Nicht Zögern – ein programmatischer Appell zum Auftakt
„Zögern heißt Scheitern“, mit diesem programmatischen Titel zur Nutzung von KI zur Stärkung der äußeren Sicherheit wurden die Verantwortlichen für die innere Sicherheit – die Polizei – zum Auftakt mit einem Vortrag von Kim Borr, einem Offizier der Bundeswehr, konfrontiert. Engagiert zeigte er auf, wie wichtig es ist, für die Abwehr von Gefahren für unsere Sicherheit auch innovative Wege mit KI auszuprobieren und dabei – entgegen einer oftmals sehr langatmigen Behördenmentalität - kalkulierte Risiken in Kauf zu nehmen. Borr arbeitet als Ausbildungsverantwortlicher im Cyberinformationsraum der Bundeswehr im Großraum München und erläuterte, wie KI in der beruflichen Bildung in einem sehr speziellen Aufgabenfeld eingesetzt wird.
KI und Fake News
Gefahren von KI aufzuzeigen, ist bei der Förderung der Medienkompetenz in der Bildungsarbeit, ein weiteres wichtiges Thema, wie der Bildungswissenschaftler Dr. Christian Scheibenzuber von der Ludwig-Maximilian-Universität München aufzeigte.
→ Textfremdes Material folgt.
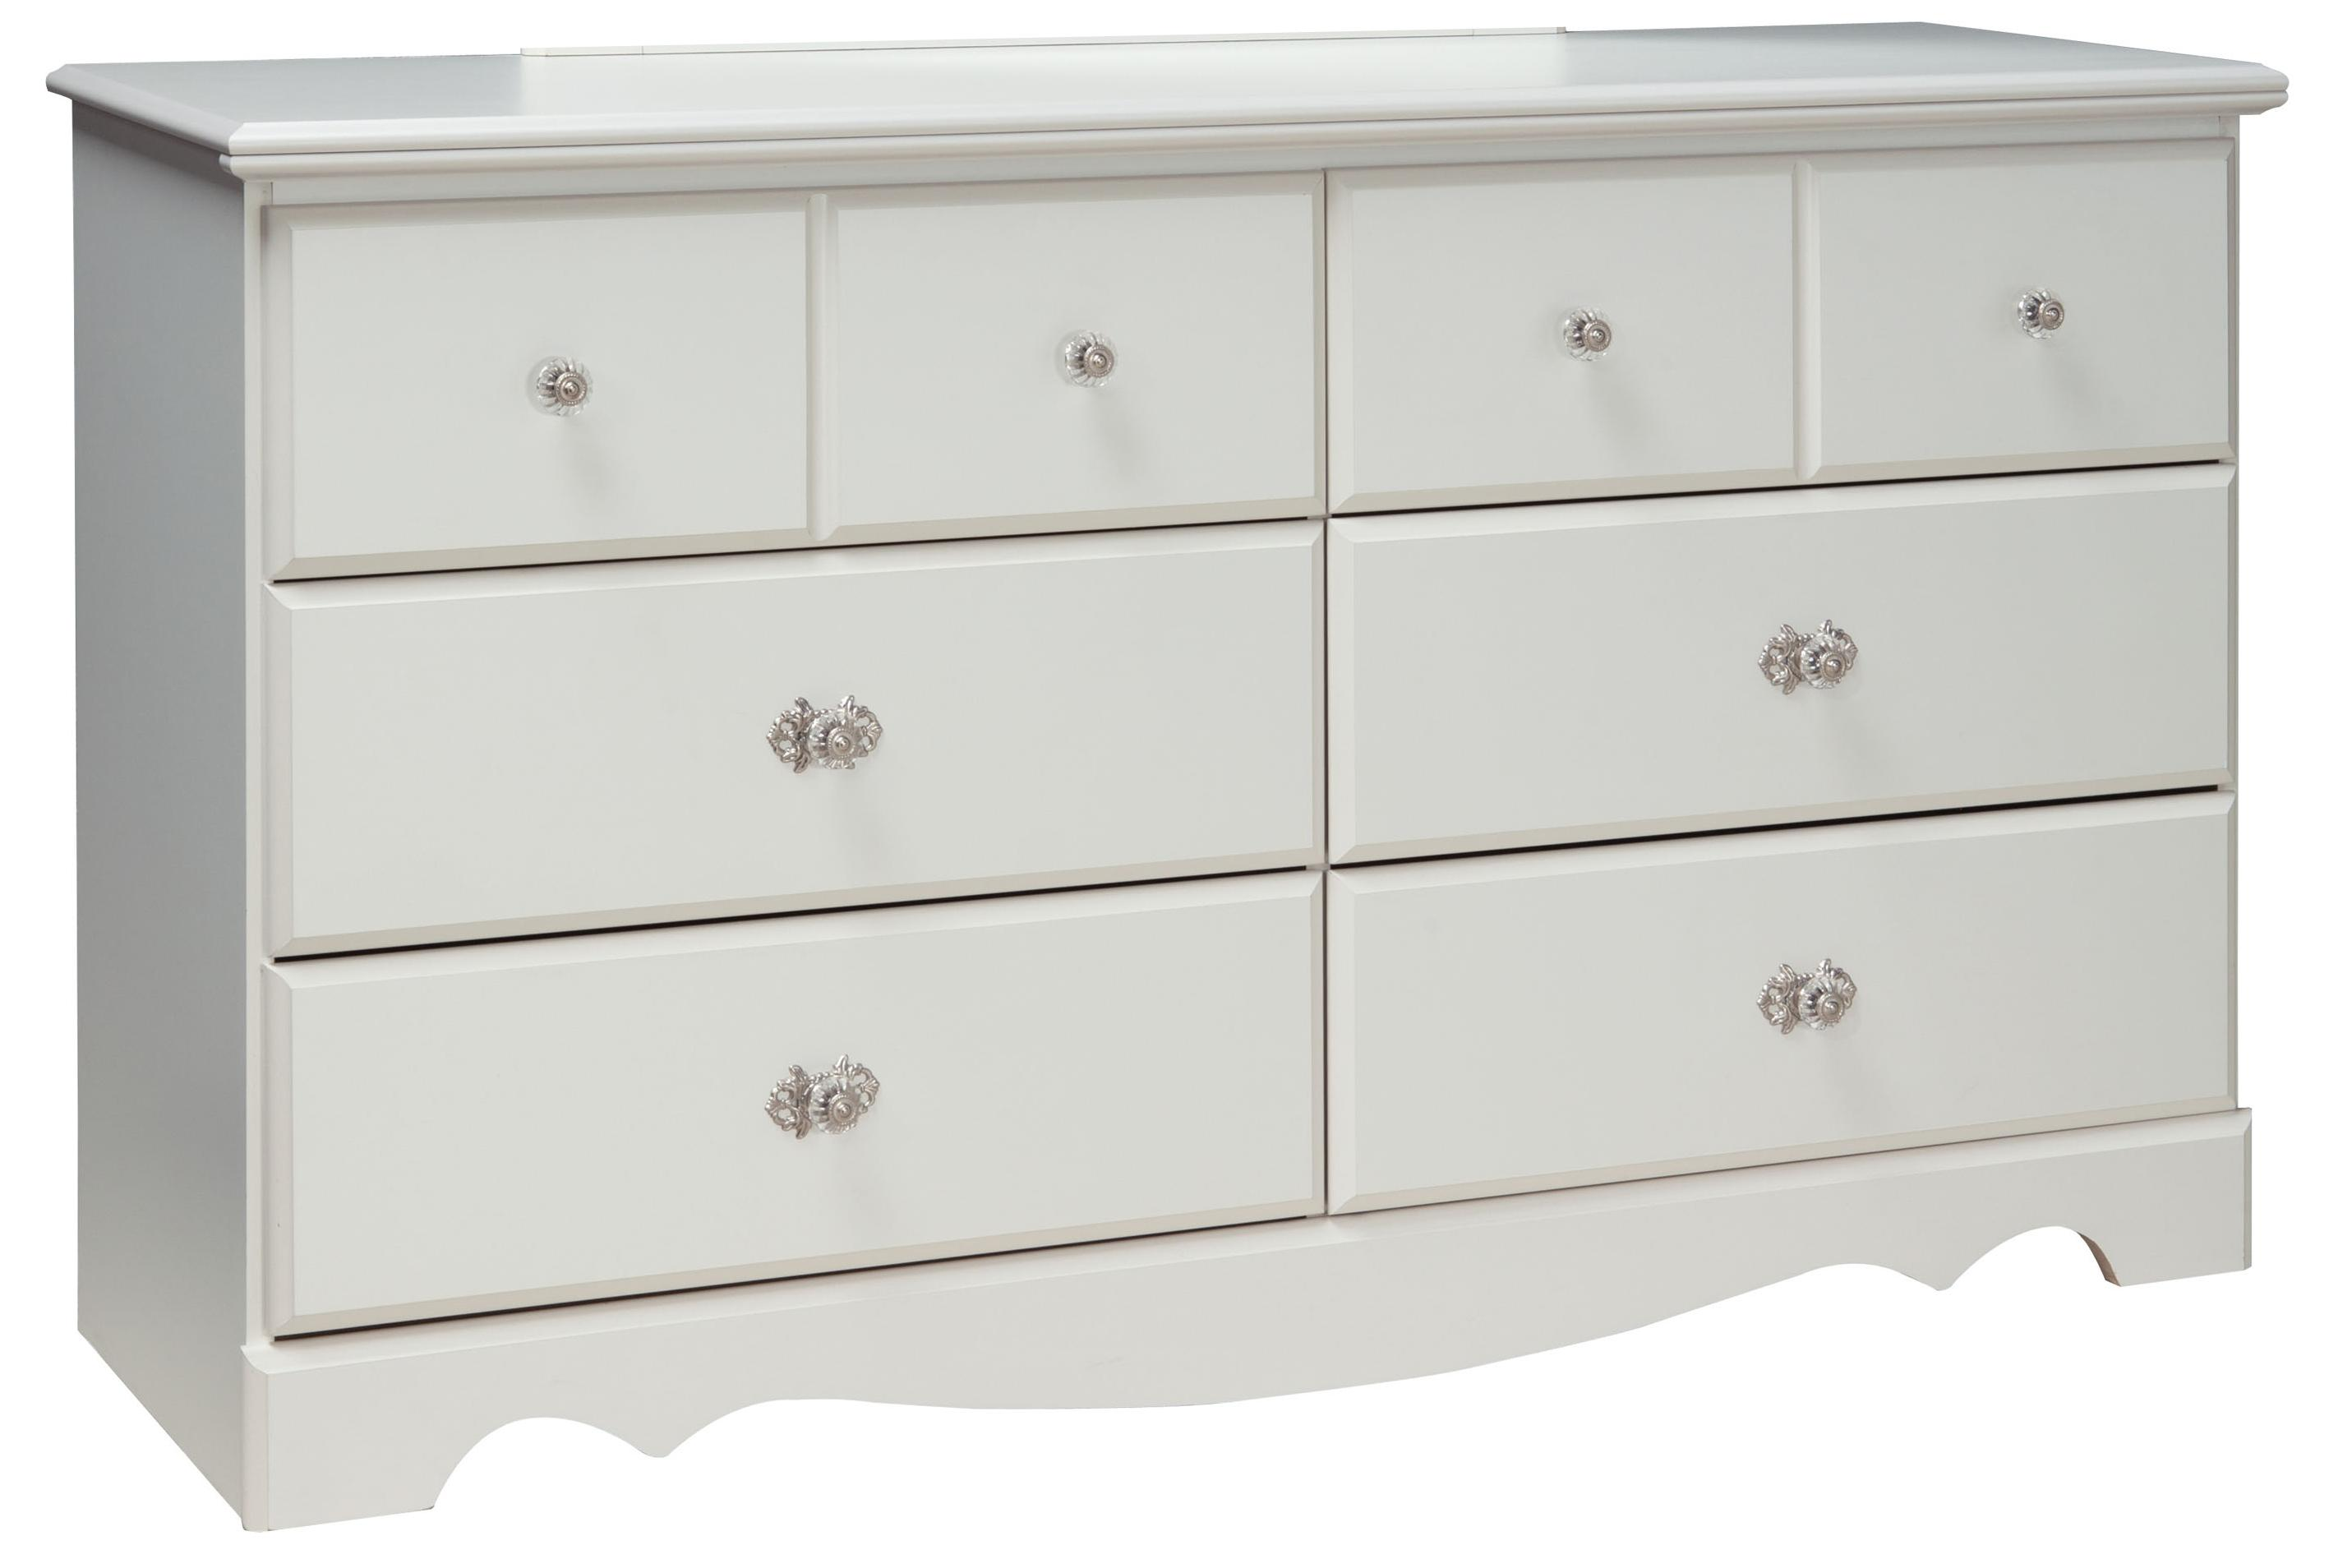 Standard Furniture Daphne Drawer Dresser - Item Number: 65559

Problematisch sind insbesondere sogenannte Echokammern in den sozialen Medien, in denen sich Meinungsäußerungen hochschaukeln können und immer radikaler werden, außerdem KI-generierte Bilder und Videos, die täuschend echt wirken und von den Social-Media-Plattformen nicht reguliert werden. Scheibenzuber rief deshalb zu Faktenchecks auf und zum sogenannten Lateral Reading, bei dem Quellen und Autoren überprüft werden. Ebenso zeigte er Lernprogramme, mit denen auf spielerische Weise ein Bewusstsein für Fake News geschärft wird.
Metaversum
Wie Polizeiarbeit mit KI in anderen Ländern aussieht, zeigte Anojen Kanagasingam vom Schweizerischen Polizeiinstitut in Neuchâtel, wo die polizeiliche Fortbildung mehrsprachig für alle Kantone koordiniert wird, sowie Daniel Steinlandt von der Polizei in Hamburg, der als Quereinsteiger aus der IT-Industrie innovative Impulse geben kann. Er forderte dazu auf, neue und innovative Weg zu beschreiten. Wenn eine Behörde ausschließlich von Bedenken und möglichen Risiken geleitet wäre, könnte in Zukunft die technologische Kluft zwischen Kriminellen und Polizei immer größer werden, dabei müsse in der Aus- und Fortbildung der Polizei frühzeitig und intensiv auf die Möglichkeiten und Grenzen von KI vorbereitet werden, so Steinlandt. Ein strategisches Ziel, dessen Umsetzung auch von Gerd Enkling, dem Ausbildungsleiter der Bayerischen Bereitschaftspolizei nachdrücklich eingefordert wurde.
Magie der KI
Die auch bei der Polizei schwieriger werdende Nachwuchsgewinnung macht es erforderlich, sich auf die besonderen Bedürfnisse der sogenannten Generation Z einzustellen. Dabei ist von einer verkürzten Aufmerksamkeitsspanne durch intensive Mediennutzung beim Lernen auszugehen. Wie spielerische Lernformen, Gamification, die Nachhaltigkeit des Lernens verbessern können, zeigte dabei Dr. Julia Deckert-Schleithoff durch motivierende Beispiele aus ihrer Unterrichtstätigkeit an der Polizeischule in Sulzbach-Rosenberg. Digitale Lernspiele werden aufgrund ihrer Erfahrungen, beginnend mit der Online-Unterrichtung während der Corona-Lockdowns von den Auszubildenden bereitwillig angenommen, so sie denn gezielt und nicht im Übermaß eingesetzt werden. Fulminanter Höhepunkt der internationalen Tagung war ein Impulsvortrag „KI-Magie“ von Kilian Hein, einem Amerikanisten und Firmencoach aus Augsburg, der die Zuhörer auf eindrückliche Weise auf „Menschliche Aufmerksamkeit als die Ressource der Gegenwart“ einstimmte.